Exercise aim
All lines at and after the one containing "Beautiful 'Vela CC'", up to the end of the listing below, are to be printed exactly, with the pictures omitted.

Dataset section

* * * *

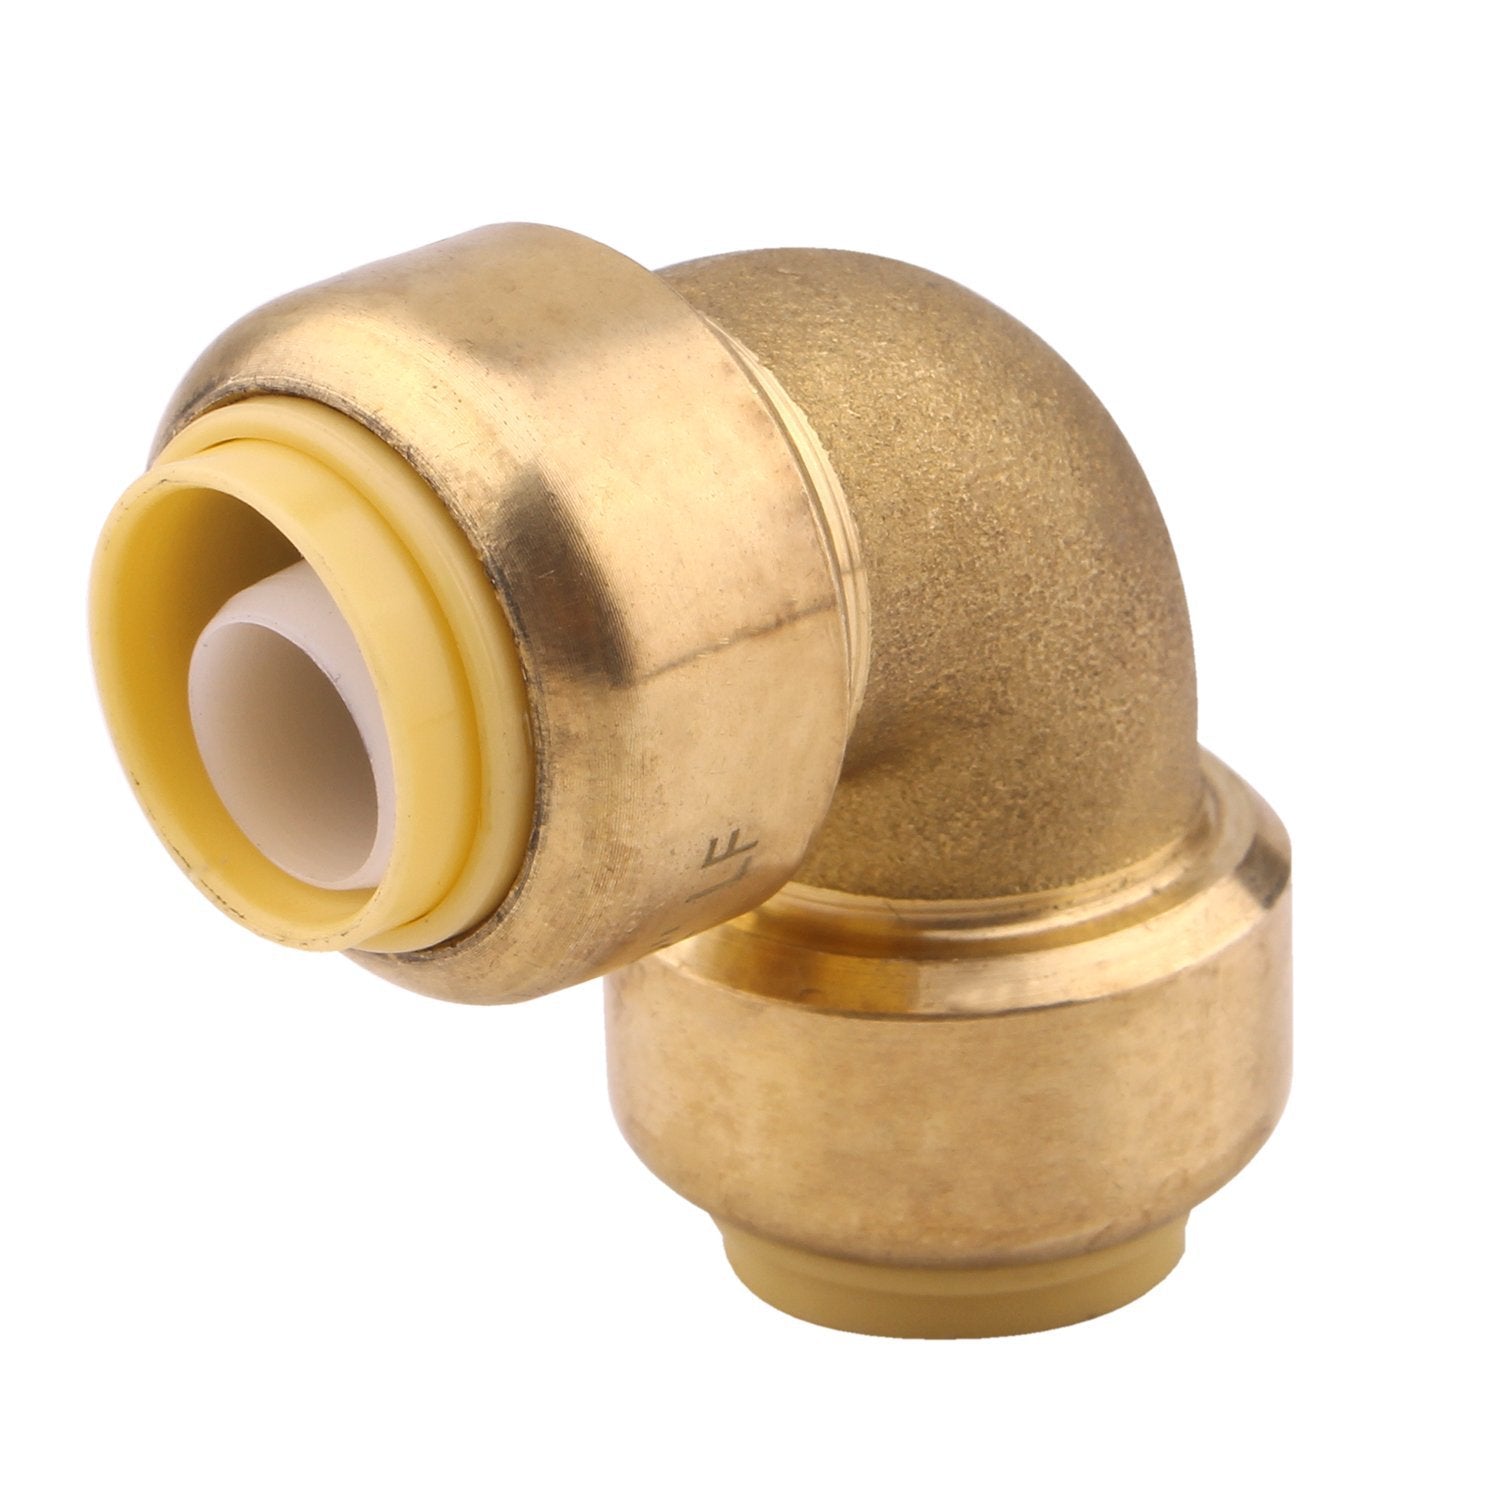 1/2-Inch 90-Degree Elbow,Push-to-Connect Plumbing Fittings with 1/2" Disconnect Clip
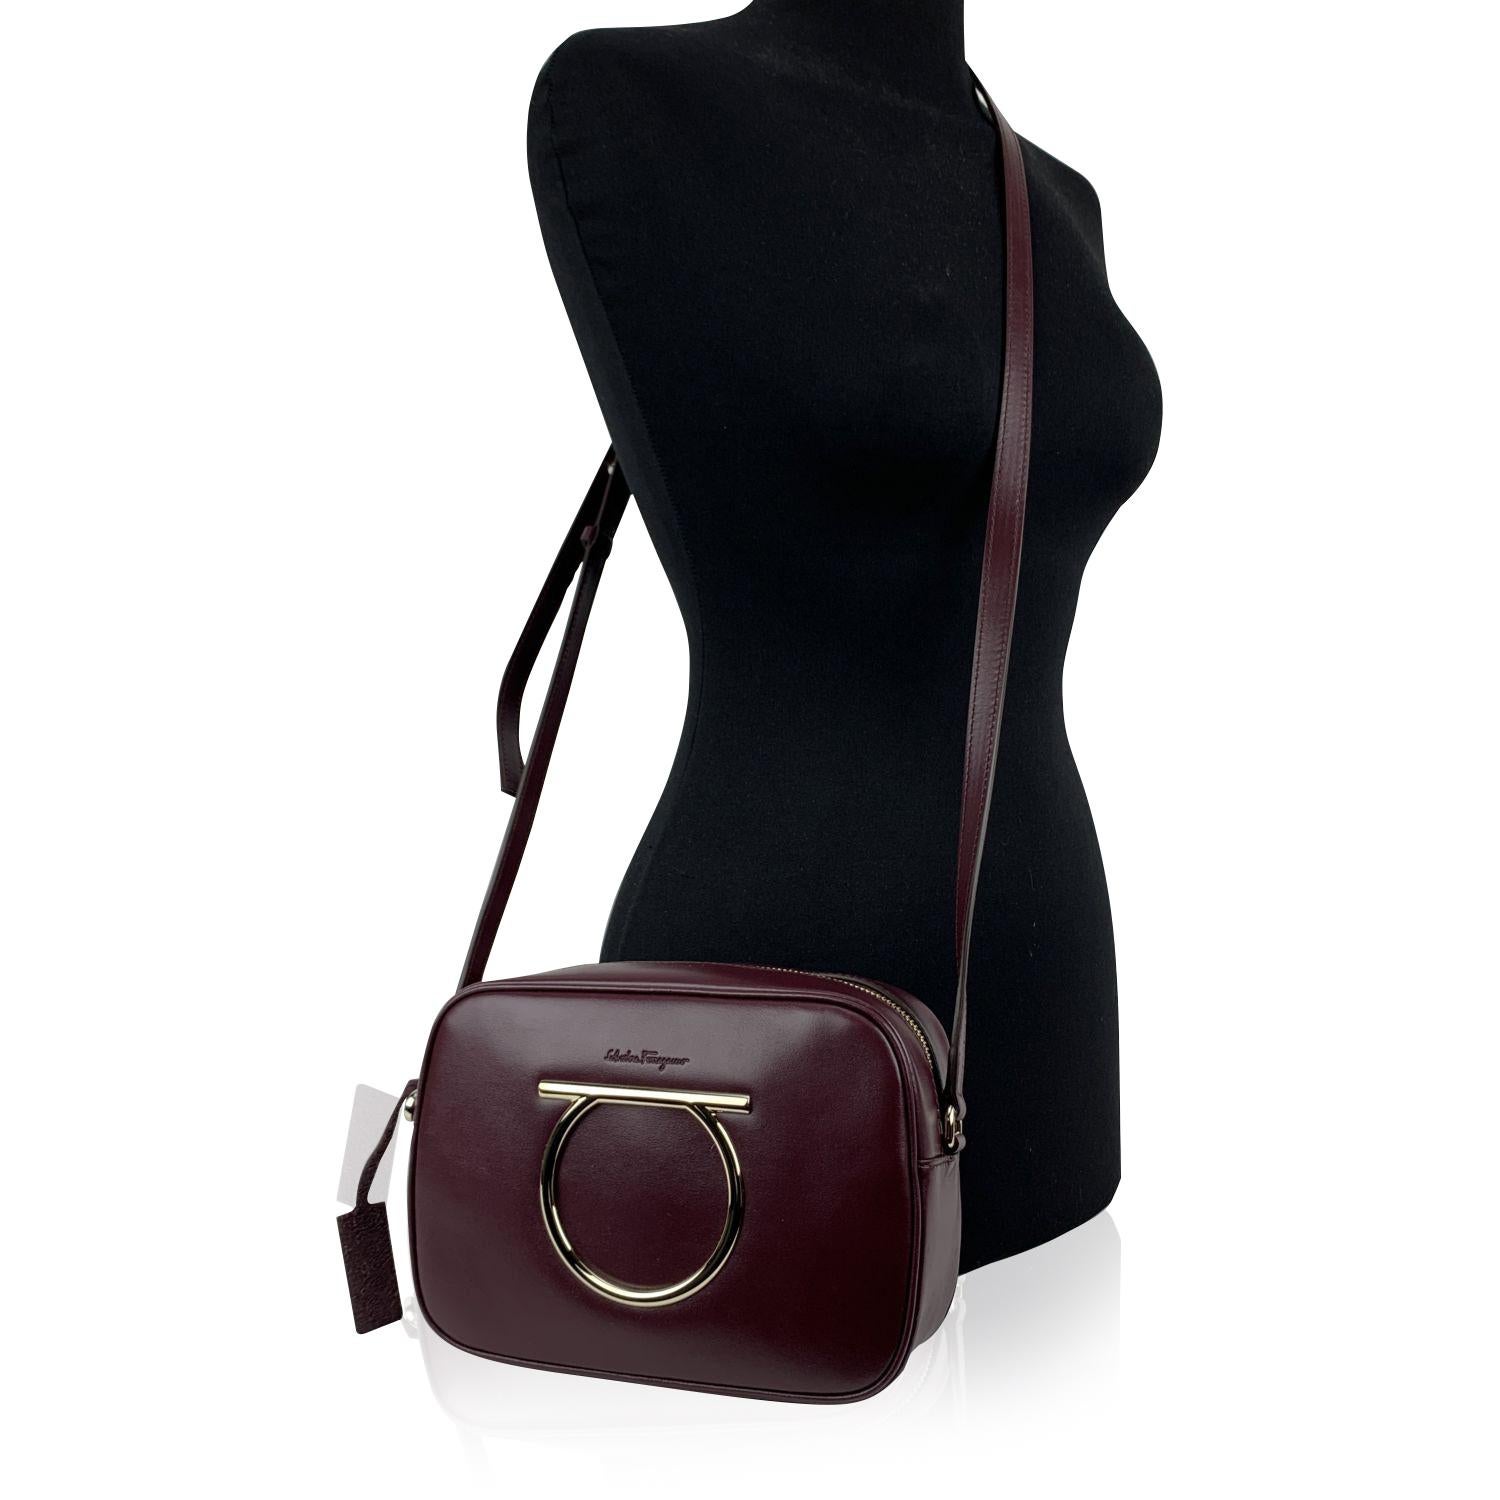 Beautiful 'Vela CC' shoulder bag by Salvatore Ferragamo. Made of burgundy calf leather. It features the Gancino logo detailing on the front in gold metal. Upper zipper closure. Adjustable leather shoulder strap. Canvas lining. 2 side open pockets
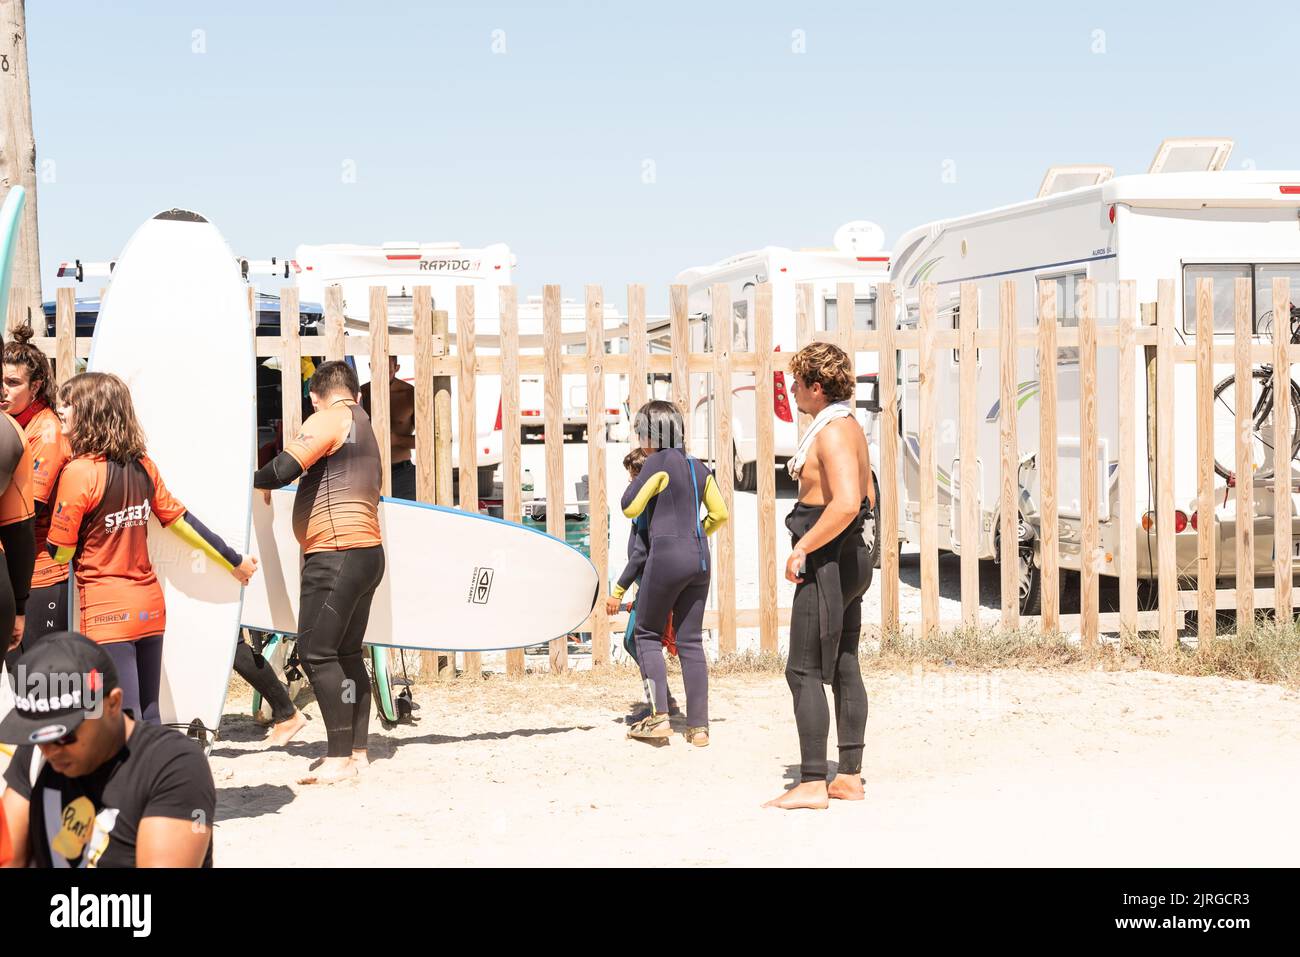 Aveiro, Portugal - August 19, 2022: people with wetsuits and pick up surfboards at the secreto surf school facilities. Stock Photo

* * * *

Your response
 Beautiful 'Vela CC' shoulder bag by Salvatore Ferragamo. Made of burgundy calf leather. It features the Gancino logo detailing on the front in gold metal. Upper zipper closure. Adjustable leather shoulder strap. Canvas lining. 2 side open pockets
 Aveiro, Portugal - August 19, 2022: people with wetsuits and pick up surfboards at the secreto surf school facilities. Stock Photo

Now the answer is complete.